On the other hand, what I hear from some in the community, is that we are undoubtedly seeing excessive force cases from around the country where some in law enforcement have abused their authority.
There is a disconnect there because in no way should justification for the actions of some recoil unfavorably for those who are good officers. In addition, the outcry from the black community after two black law enforcement officers have been killed has been awfully quiet and that is wrong.
These officers were black and they were good cops and there is no reason why we should be waging war on an entire community.
If we are guilty of being silent when good cops are killed we are just as guilty as the cops that are silent when they witness other officers use excessive force against us.

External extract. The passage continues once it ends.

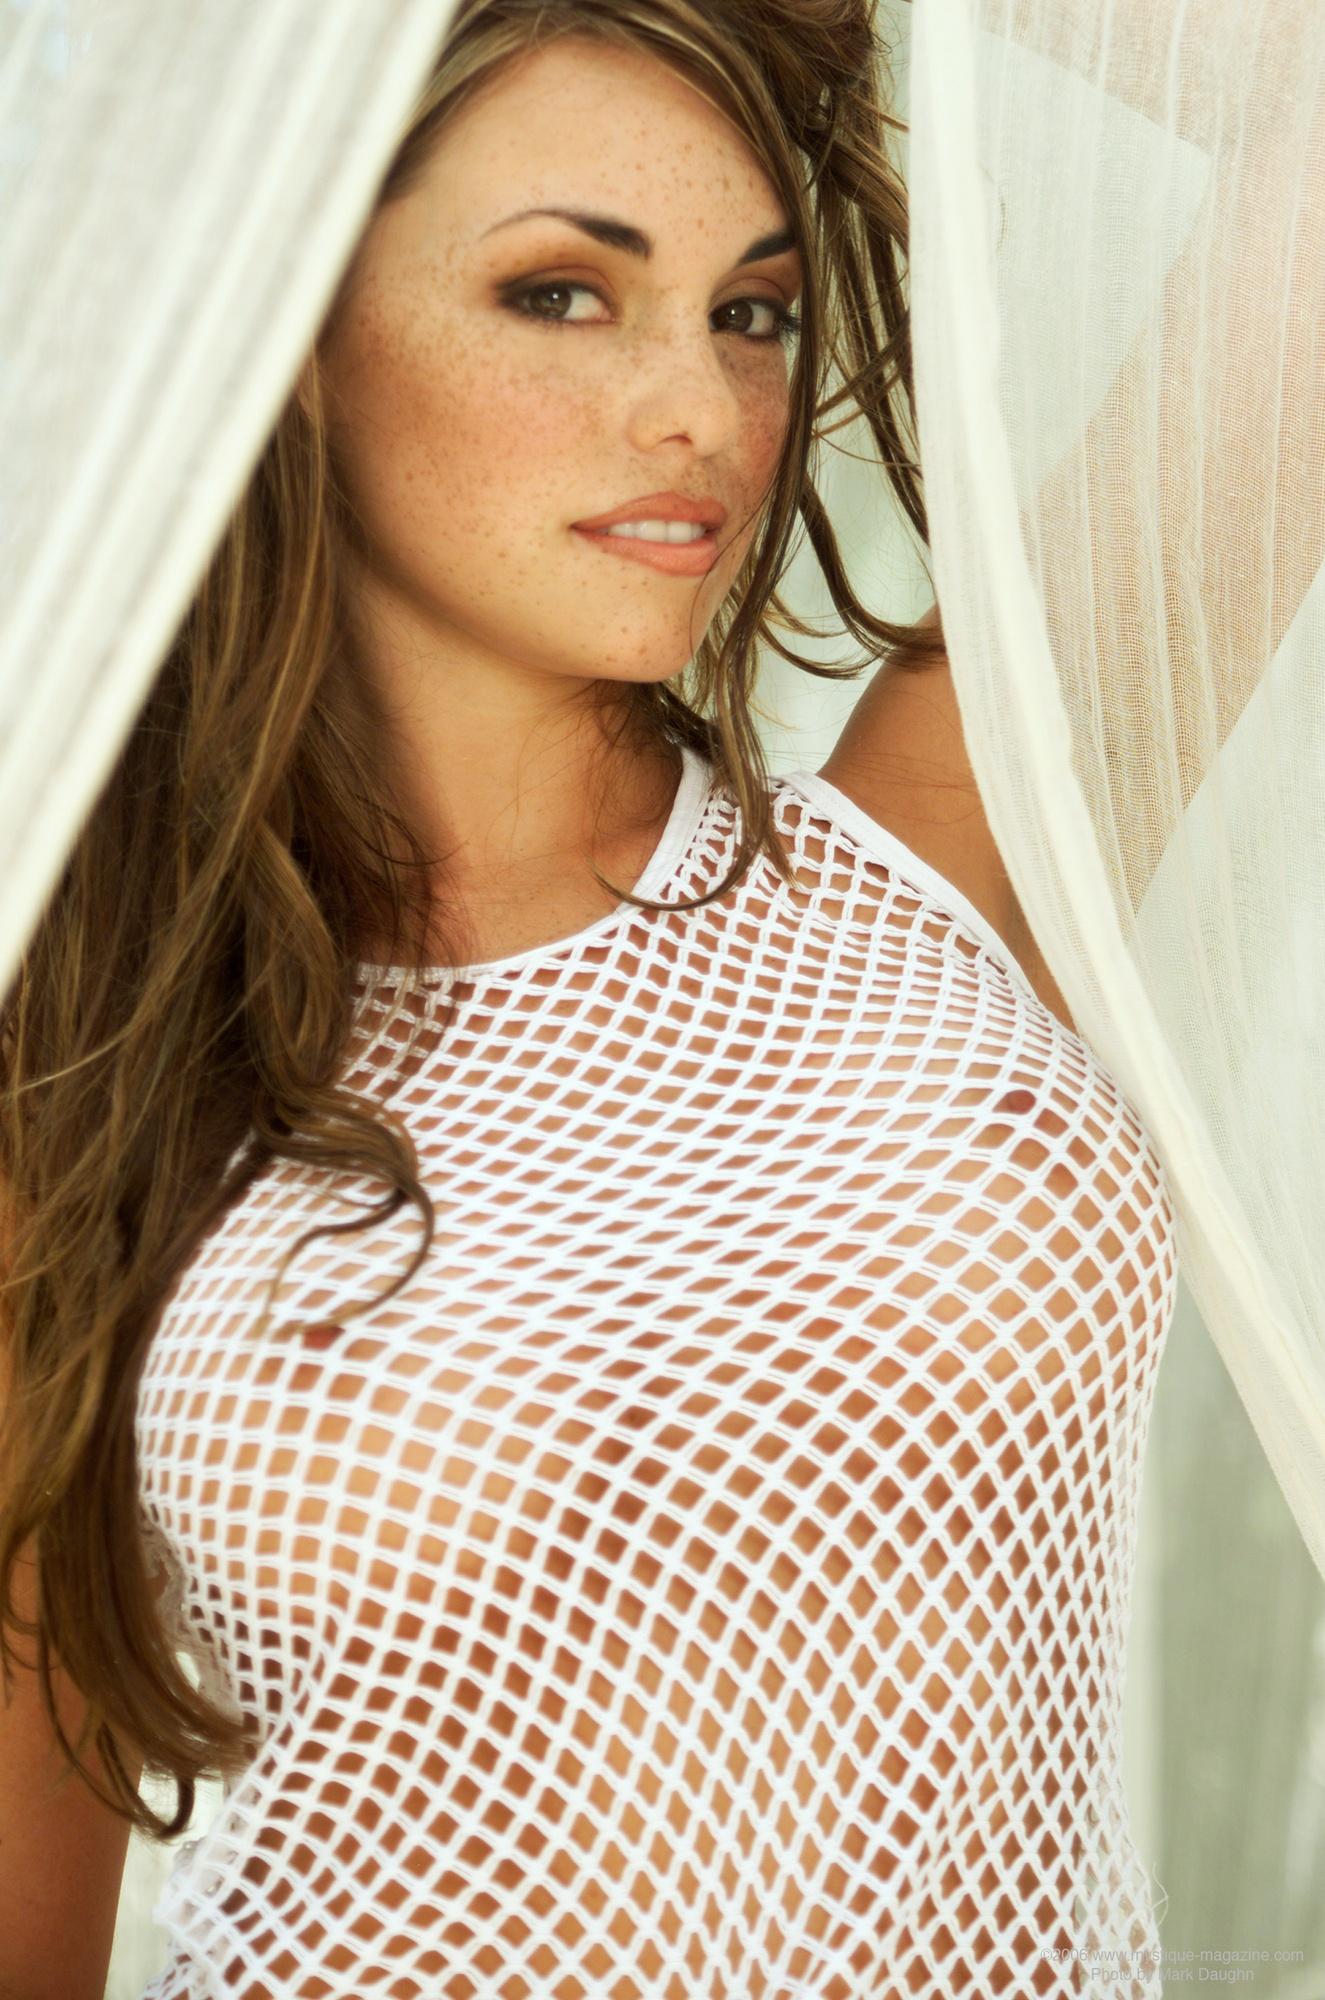 danielle-gamba-boobs-white-fishnet-nude-mystique-04

See, just as there are more good people in this world than bad, there are more good cops than bad cops. Matthew Baxter’s Grandfather spoke at the funeral of the officers acknowledging there have been some problems with law enforcement and said we have a tendency to paint all law enforcement officers with a broad brush, however, he said, there are good cops out there.
It is important that while we are fighting to change the actions of the bad officers that we don’t neglect the good ones in the midst. Leaving those who truly serve and protect us behind is just as extreme as rebelling against the law because we are angry about the actions of some officers. As we wait for the Supreme Court’s decision and possible the suspension of Ayala for misfeasance or malfeasance, we must be careful not to respond as those who are extremist in their rebellion to what’s already the law.
If “we” are to change the laws that we don’t like, it must be done fairly and properly or we will have to sit quietly by when an elected official challenges us to something that is just as extreme.